The full Texas House approved a cannabis decriminalization bill in 2019, but it did not advance in the Senate that session. Lawmakers have since been unable to pass additional expansive cannabis bills in recent sessions.

For his part, Gov. Greg Abbott (R) said that he doesn’t believe people should be incarcerated over low-level marijuana possession. However, the governor incorrectly suggested last year that lawmakers have already adopted the policy statewide.

House Speaker Dade Phelan (R) said in September that he will work to enact criminal justice reform in the 2023 session, and he again expressed support for lowering penalties for marijuana possession.

The Texas Republican Party adopted a platform plank endorsing decriminalization of marijuana possession in 2018, but that was later rescinded.

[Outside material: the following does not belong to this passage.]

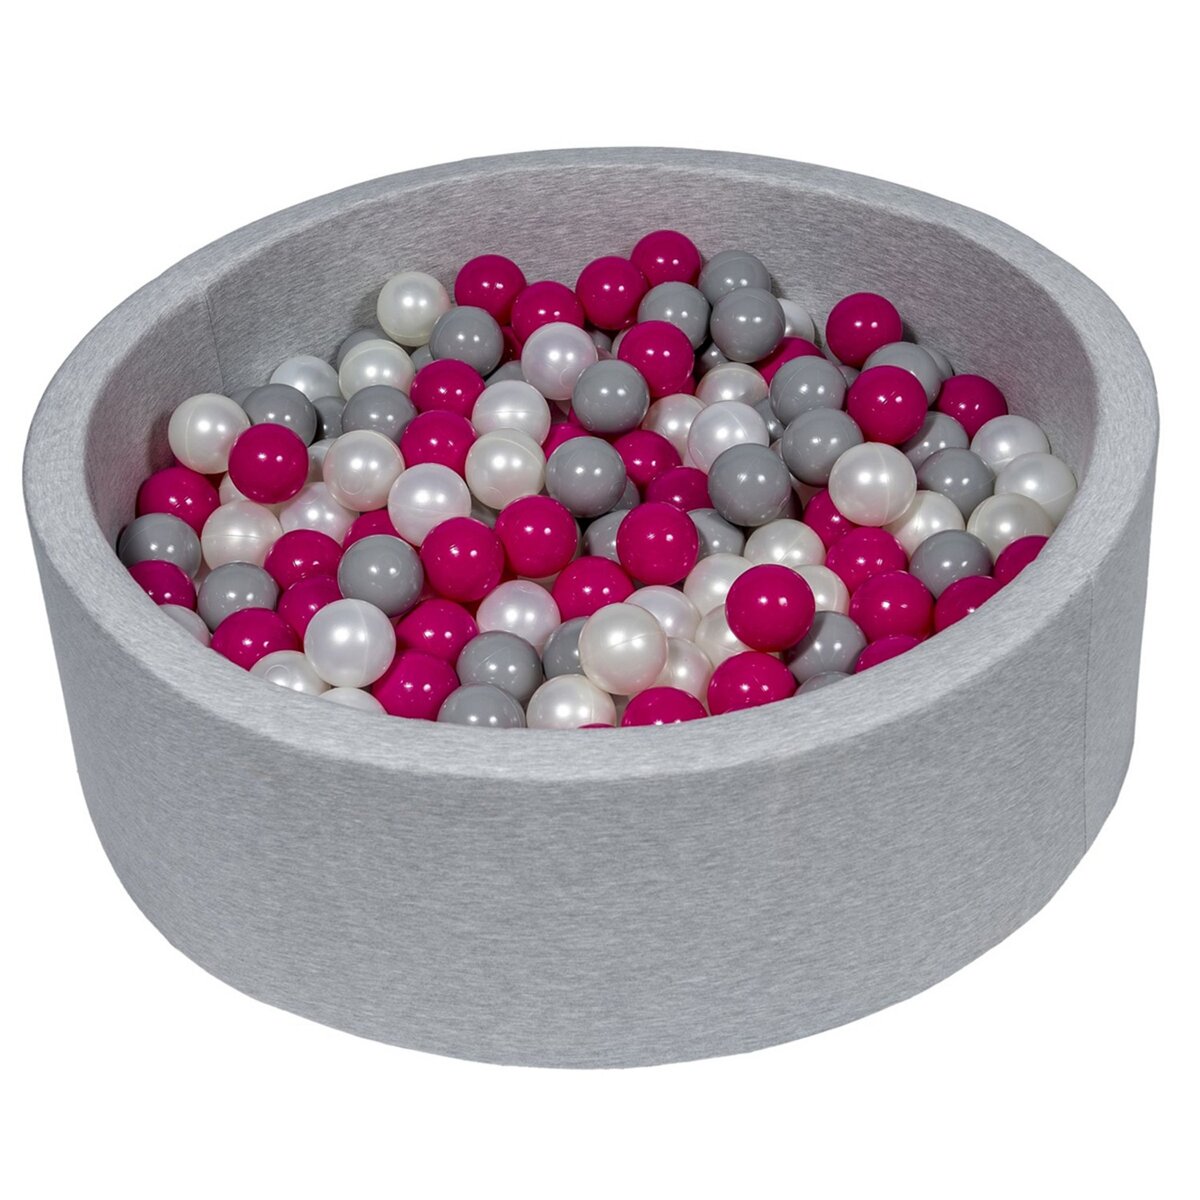  Piscine à balles Aire de jeu + 300 balles perle, rose, gris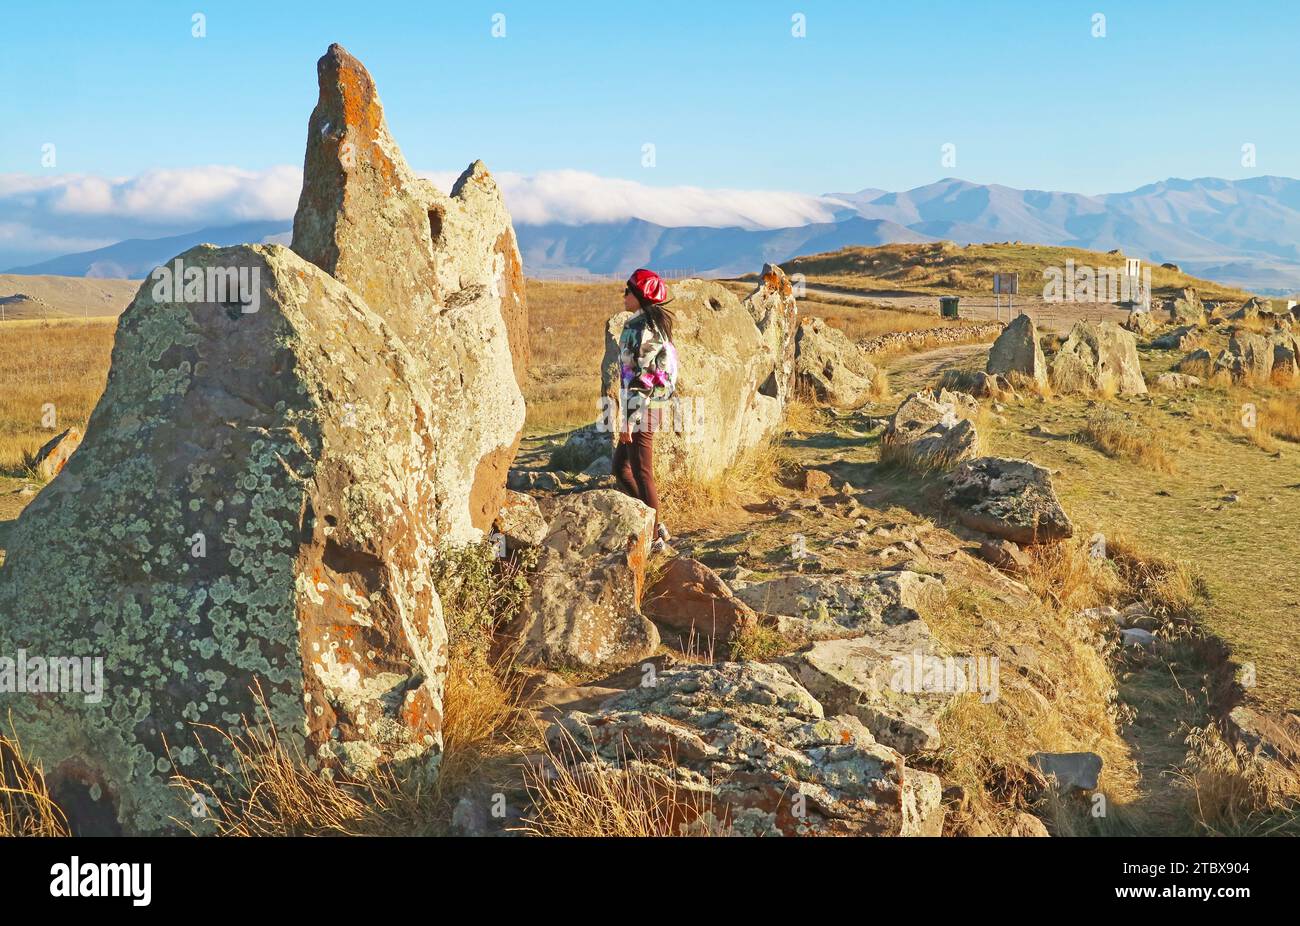 Femme Voyageuse visitant le site archéologique préhistorique de Carahunge ou Stonehenge arménien dans la province de Syunik en Arménie Banque D'Images

A poll released earlier this month found that a majority of Texas voters say that the state’s marijuana laws should be “less strict.”

Also this month, Texas lawmakers filed three bills aimed at expanding research on the therapeutic benefits of psychedelics. Those measures, if enacted, would build on a modest psychedelics study law enacted last session.

Meanwhile, there’s also been a surge of local action on marijuana issues under home rule laws in Texas over recent years.

Major cities like Austin have already enacted decriminalization locally at the ballot, and voters passed the reform in five other Texas cities this past November.

San Antonio voters will see a measure on their May ballot to decriminalize marijuana, prevent the enforcement of abortion restriction laws and ban no-knock warrants.